10 thoughts on “Using time? Inject a clock.

  1. +1. It also works beautifully with bigger units of time, btw: for my soccer score prediction project, a new season starts in August. I used an injected clock to test the switch from one season to the next.

  2. Woohoo! A first comment! I’m so flattered 🙂

    Good point! Another advantage to working this way is that it encourages you to implement “triggered” events in a more functional way. For example, a game could automatically start a new tournament each week. You can run a scheduled task for this, but you can also make the `currentGame` depend on a clock, and lazily create any data storage that it may depend on, upon first invocation.

    This is not always practical, but it does yield code that is significantly easier to test. Not always simpler code though, so use with caution.

  3. You’re welcome :). (I have to remember to check the “Notify me of follow-up comments” box, btw…)

    You’re right, the code doesn’t always get simpler, but I would be willing to defend the position that, if your code is sufficiently complex to have unit tests, it’s worth doing this.

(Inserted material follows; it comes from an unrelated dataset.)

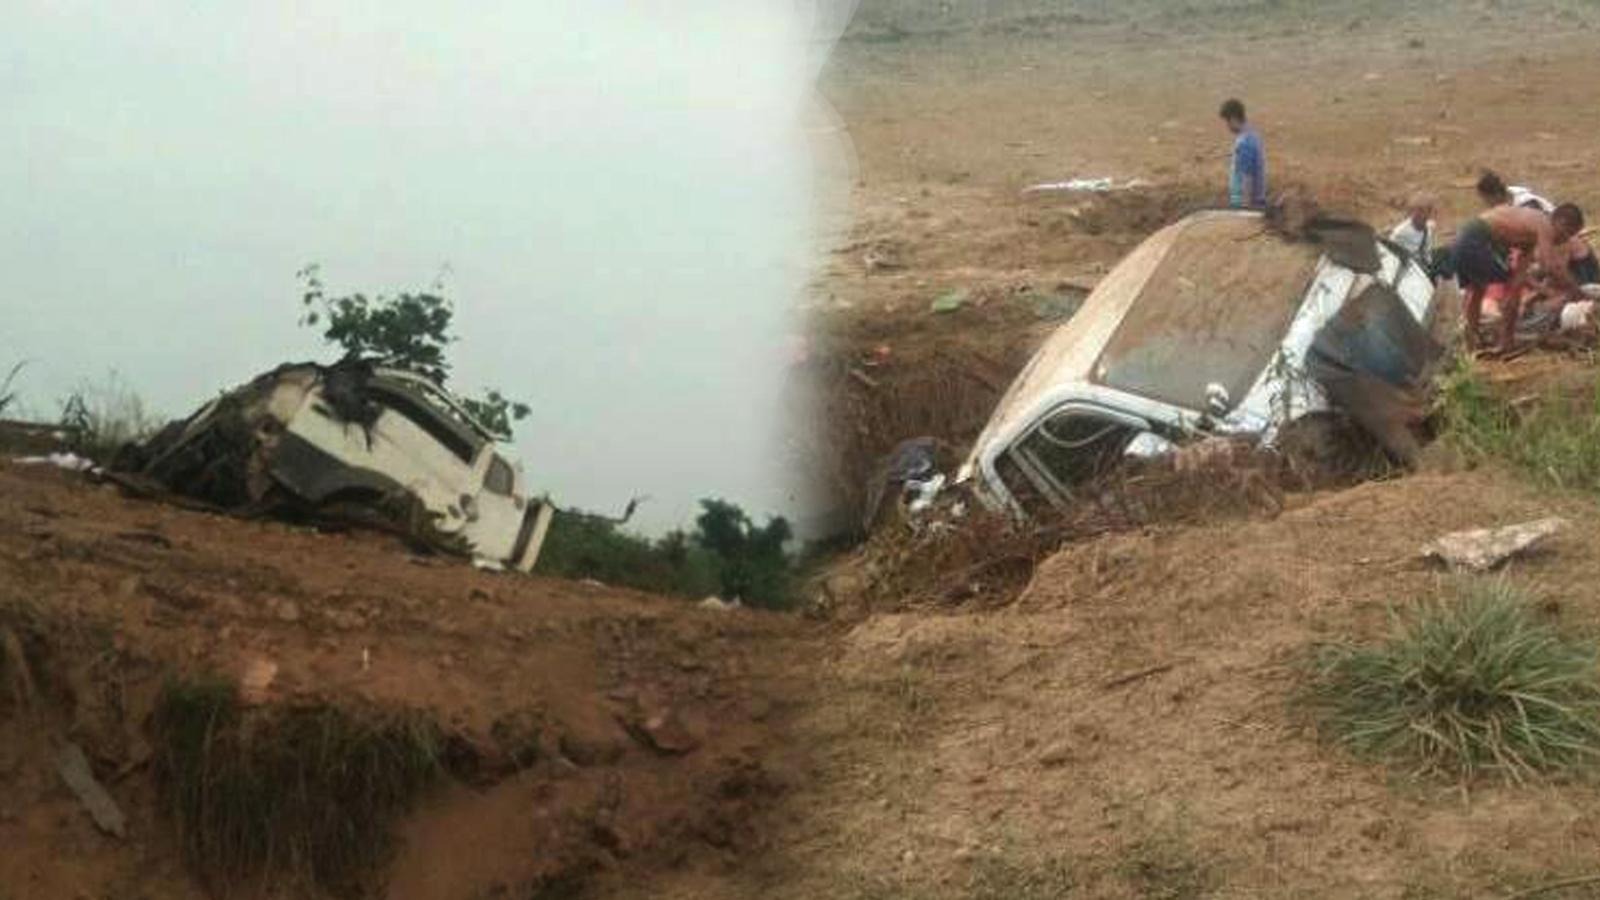 ကျောက်ကြီးမြို့နယ်မှာ လိုက်ထရပ်ကားတစီး မိုင်းထိပြီး ၃ ဦးသေဆုံး

In other words: for throw-away code it’s fine to call new Date(), but in all other cases, use a clock.

  4. Hello, random person on the internet!

    For these kind of situations I feel that having an IClock abstraction can be a bit too heavy (needs to be passed in or injected, etc), and something like a static class containing “public static Func UtcNow = () => DateTime.UtcNow;”

    That Func is trivial to overwrite in your unit tests, but doesn’t require any big refactoring.

    • Hello, random lurker!

      Hm, admittedly I actually like that idea. The problem with it is that you’re changing global state, and a mistake there might screw up tests, or change the results depending on the order in which tests run.

      Actually, I wouldn’t be unhappy with some sort of “test local storage”. You could emulate that with thread local storage and a test runner that runs each test in its own thread. I doubt the performance implications of that would be significant.

      By the way, DHH agrees with you

      • Uh-oh, before I know it I’ll have a handlebar mustache and skinny jeans!

        Something like “Test local storage” is interesting and in some ways it can already be done with DI if you use a feature that’s usually called a child container (or nested container). Hooking that up with your unit test framework’s test lifecycle you spin one up, use that child container for your test, and dispose of it again. It’s kind of like how you can wrap your database tests in a transaction and roll back at the end: Other threads running other tests don’t see the changes and the end everything is neatly back to where it was.

  5. Good idea using a Clock interface — you just need to remember to use your homegrown Clock object instead of the canonical one, or your tests will fail mysteriously.

    BTW, there might be a case for using a rewinding clock during tests: if you build licensing software or user rights management stuff, you want to make sure that users can’t easily circumvent
    it by setting the system clock back to some earlier date, so you want to use a TestClock that does just that.

    (nitpick: you might want to weed out some escape artefacts in your code: there are some < pre > < code > tags visible, and your comments contain HTML stuff like &lt;.)

    • Hey, good one! And come to think of it, making classes, only intended for use in tests, that enforce arbitrary assumptions on the user might be a bit over the top anyway. In fact, any decent mocking framework could probably provide the same functionality more flexibly.